Dataset extract:
* * * * * * *
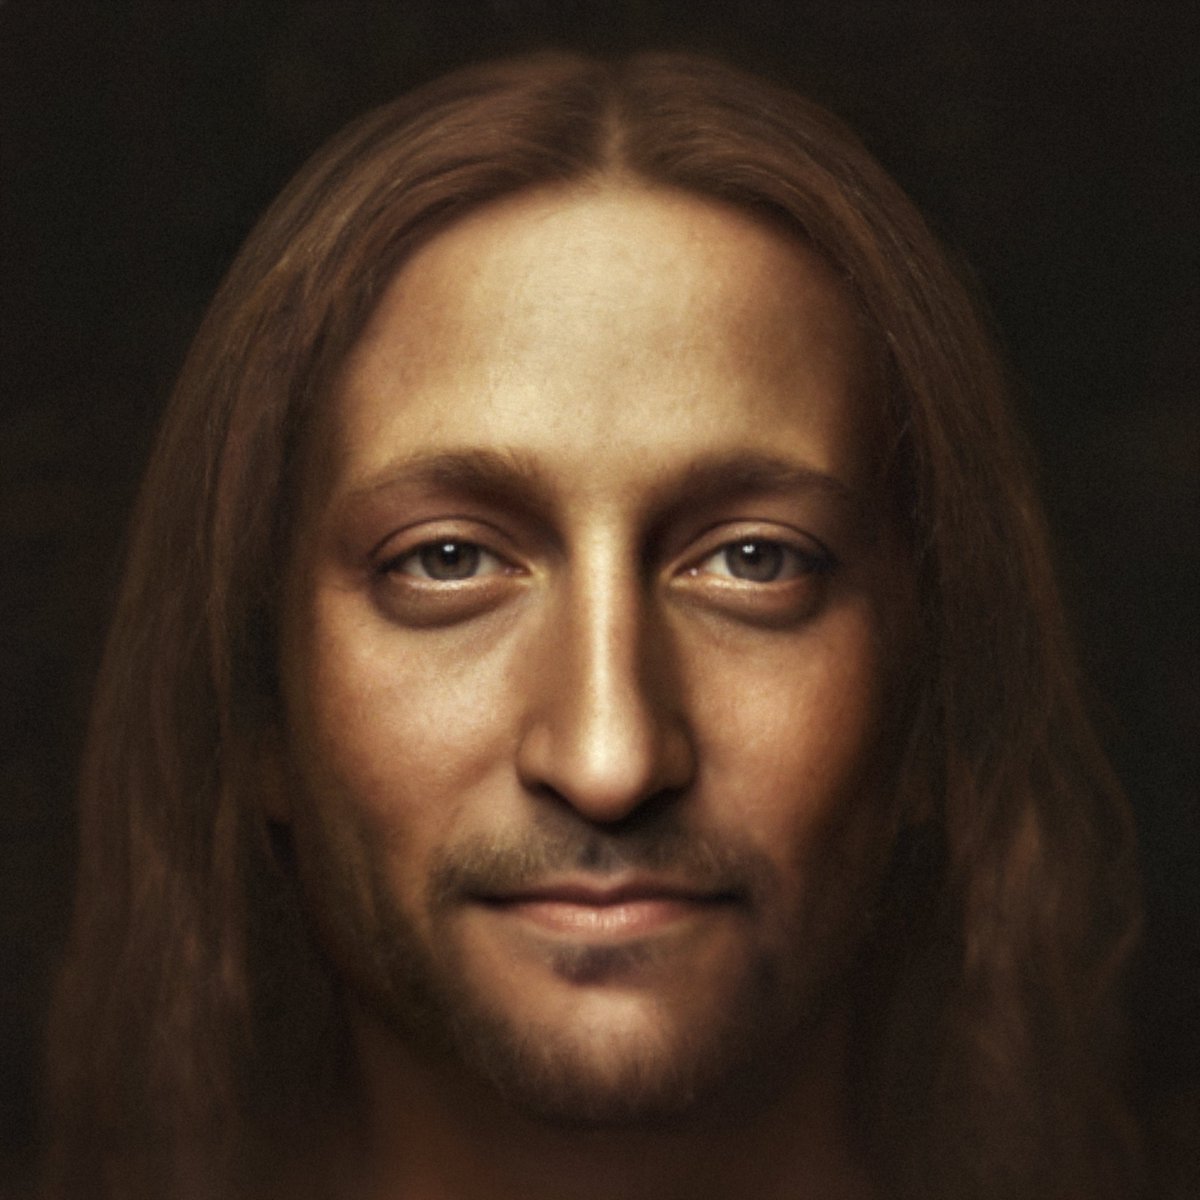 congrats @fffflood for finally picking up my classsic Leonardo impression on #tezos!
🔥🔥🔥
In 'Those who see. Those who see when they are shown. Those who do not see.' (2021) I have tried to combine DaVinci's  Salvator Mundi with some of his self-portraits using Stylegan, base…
* * * * * * *
Problem to solve: Your copy should hold each line above exactly and no pictures at all.

Solution for this task:
 congrats @fffflood for finally picking up my classsic Leonardo impression on #tezos!
🔥🔥🔥
In 'Those who see. Those who see when they are shown. Those who do not see.' (2021) I have tried to combine DaVinci's  Salvator Mundi with some of his self-portraits using Stylegan, base…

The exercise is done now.